Having grown up bi-culturally, traveled, and worked abroad for several years, I thought I was quite conscious and culturally open. It wasn’t until I moved to Ho Chi Minh City, Vietnam a few months ago that I realized I have a lot to learn.
We've cracked the code on distributed work, but how have we managed to scale a global team culture? Program Manager, Giuliana Lucchesi, provides a blueprint for companies looking to maintain an inclusive corporate culture across borders, and seas.
The experience of moving to a country so distant from home, both geographically and culturally, presented me with an exciting and challenging opportunity. As a member of the People Ops team at Wizeline, part of my job (and our mission as a team) is to be a guardian of the corporate culture. For me, part of that responsibility also involves creating and sustaining an environment in which people feel culturally respected and comfortable. Being a guest in a new country, I understood that to fulfill that purpose I had to integrate more into the culture of Vietnam. I could not pretend to uphold a culturally conscious environment if I did not understand the culture of the country in which I found myself.
I can summarize all these changes to my personal and professional life in four key lessons that have helped me bridge our multicultural team. Before beginning any process of “integration”, it is necessary to understand and observe. This is my advice to other organizations who want to maintain a consistent, open, and inclusive company culture across offices.
1. Recognize that your beliefs are not absolute.
From a young age, we are taught that there are ways to behave. We know that there are behaviors that are correct and behaviors that are wrong. What we are rarely taught, however, is that these “rules” and behaviors change depending on which part of the world we are in. When it comes to culture, the reality is that there is no right or wrong. If your goal is to scale a team globally, it’s important to empathize and maintain an open attitude towards different traditions, ways of thinking, and ways of being. The change starts with what the organization intends to achieve.

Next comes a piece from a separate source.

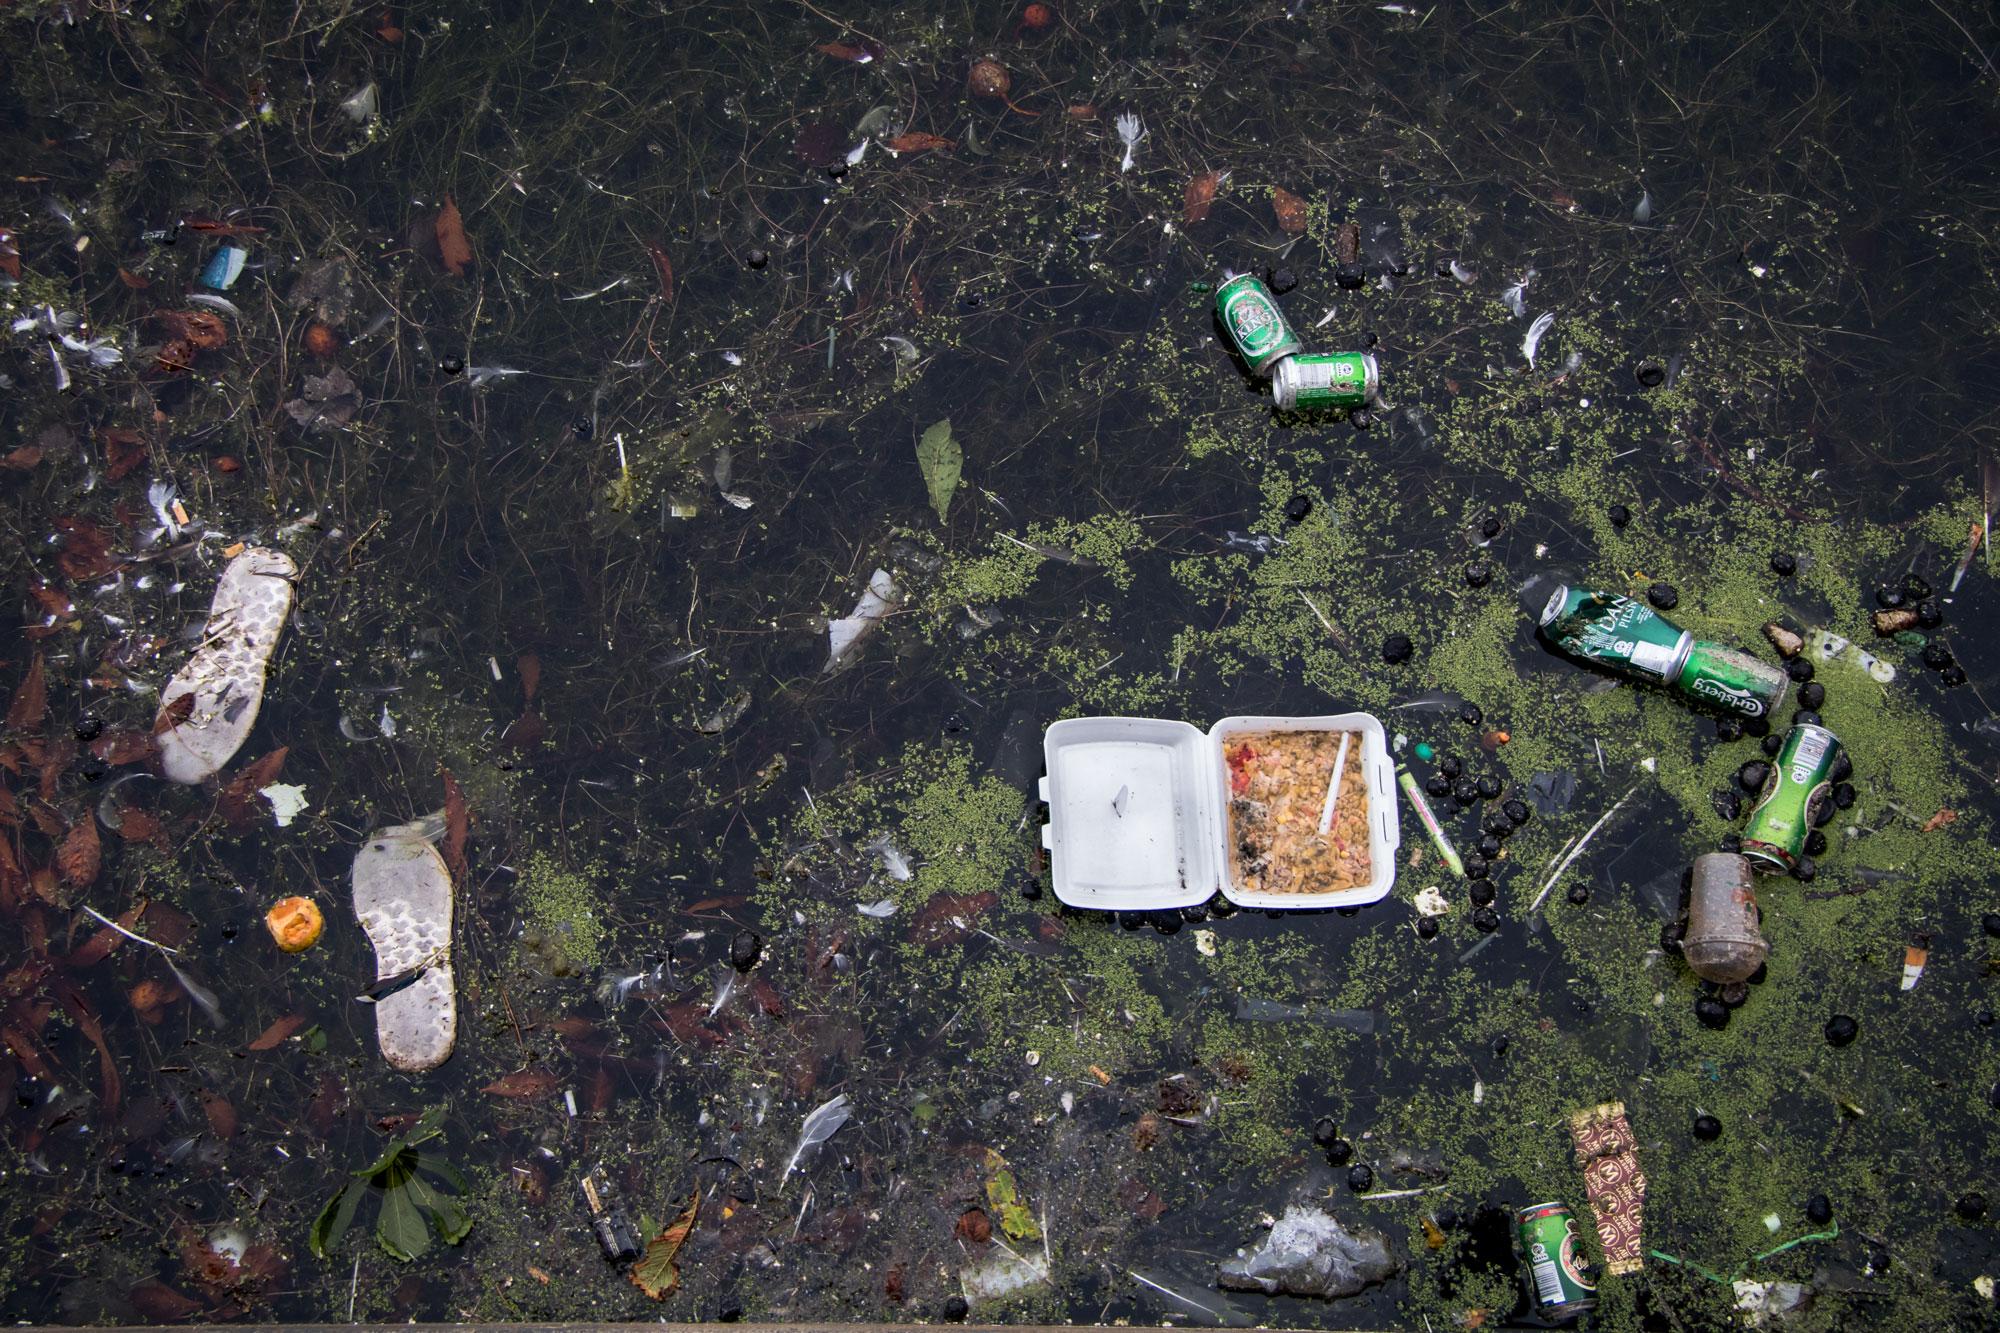 Plastik affald i naturen - styrefoam

2. Understand your people.
When you show interest and curiosity in another person’s culture, they will feel that you respect their culture. Taking the time to understand another person’s culture says “I recognize that our cultures are different and yet, I am interested in learning more about your beliefs.” It does not necessarily mean that you will agree with them, it shows that you respect the differences. How can businesses achieve this? Facilitating sessions with groups of 3-5 people can be a very effective way to deepen the cultural values and their customs. During these sessions, the facilitator can ask a few questions about the ideal culture and work environment. Take notes from the discussion between participants. Try to construct the questions without including the name of your company. While it is likely that details about your company will emerge, the purpose of the session is to understand the people and their cultural background.
3. Educate your team.
Now that you have enough information, what should you do with it? Create cultural awareness within your company by sharing this newfound knowledge. This can be done through an internal cultural workshop, by incorporating what was learned into your company’s onboarding program (highly recommended to ensure that new employees are aware from the first day), or by routinely organizing cultural events in the office. Not everyone has the opportunity to travel across offices and experience different cultures first-hand. The best alternative is to educate your team about cultural differences and show that the company values all of its employees’ cultures.

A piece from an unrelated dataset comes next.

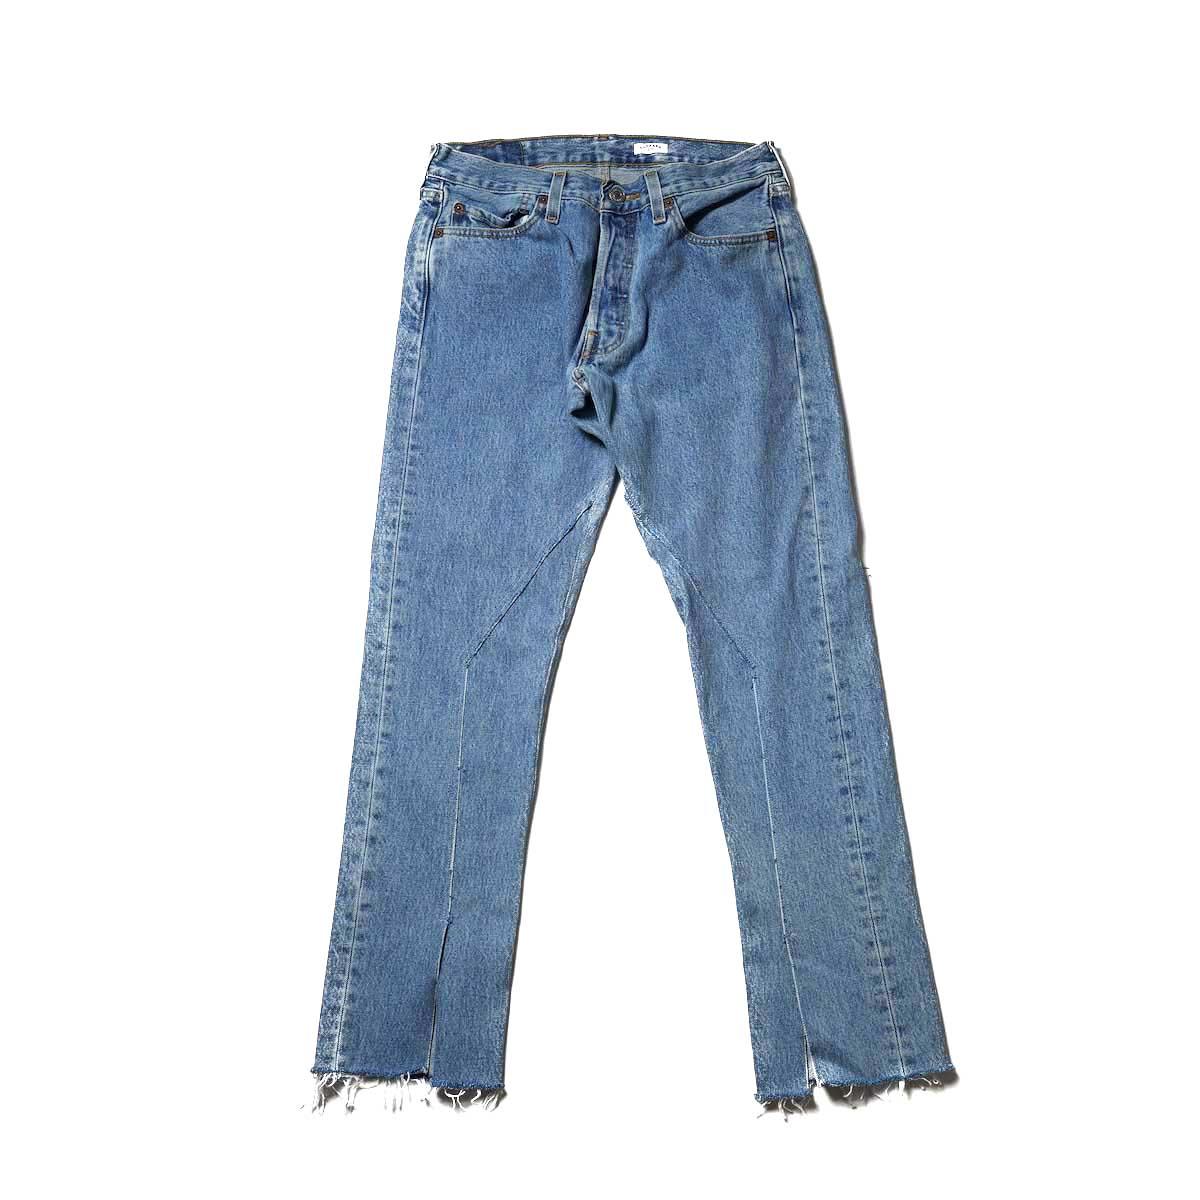 OLD PARK / Slit Jeans (Blue) Ssize-B

4. Create a consistent business culture.
In addition to respecting and recognizing cultural differences, the company must ensure that team members in all countries feel part of one unified team. Each office will inevitably have different characteristics and environments, but the fabric of company culture must remain consistent. Identify and communicate to all employees. If the company has a well-defined mission, ensure it is visible in all offices; everyone should know the values of the company where they work. A consistent business culture can help create common ground and a sense of unity.
We work in a world that is becoming increasingly global—we have to be empathetic and aware. We should never stop learning about the culture. Especially in an environment like Wizeline, where we have more than 15+ different countries represented by our team.
Regardless of the role or profession, we must take advantage of the multicultural world in which we live to learn from our friends and colleagues from other backgrounds. Taking a step back to analyze our own beliefs from someone else’s perspective, as well as understanding other ways of living and thinking, shapes us as global professionals.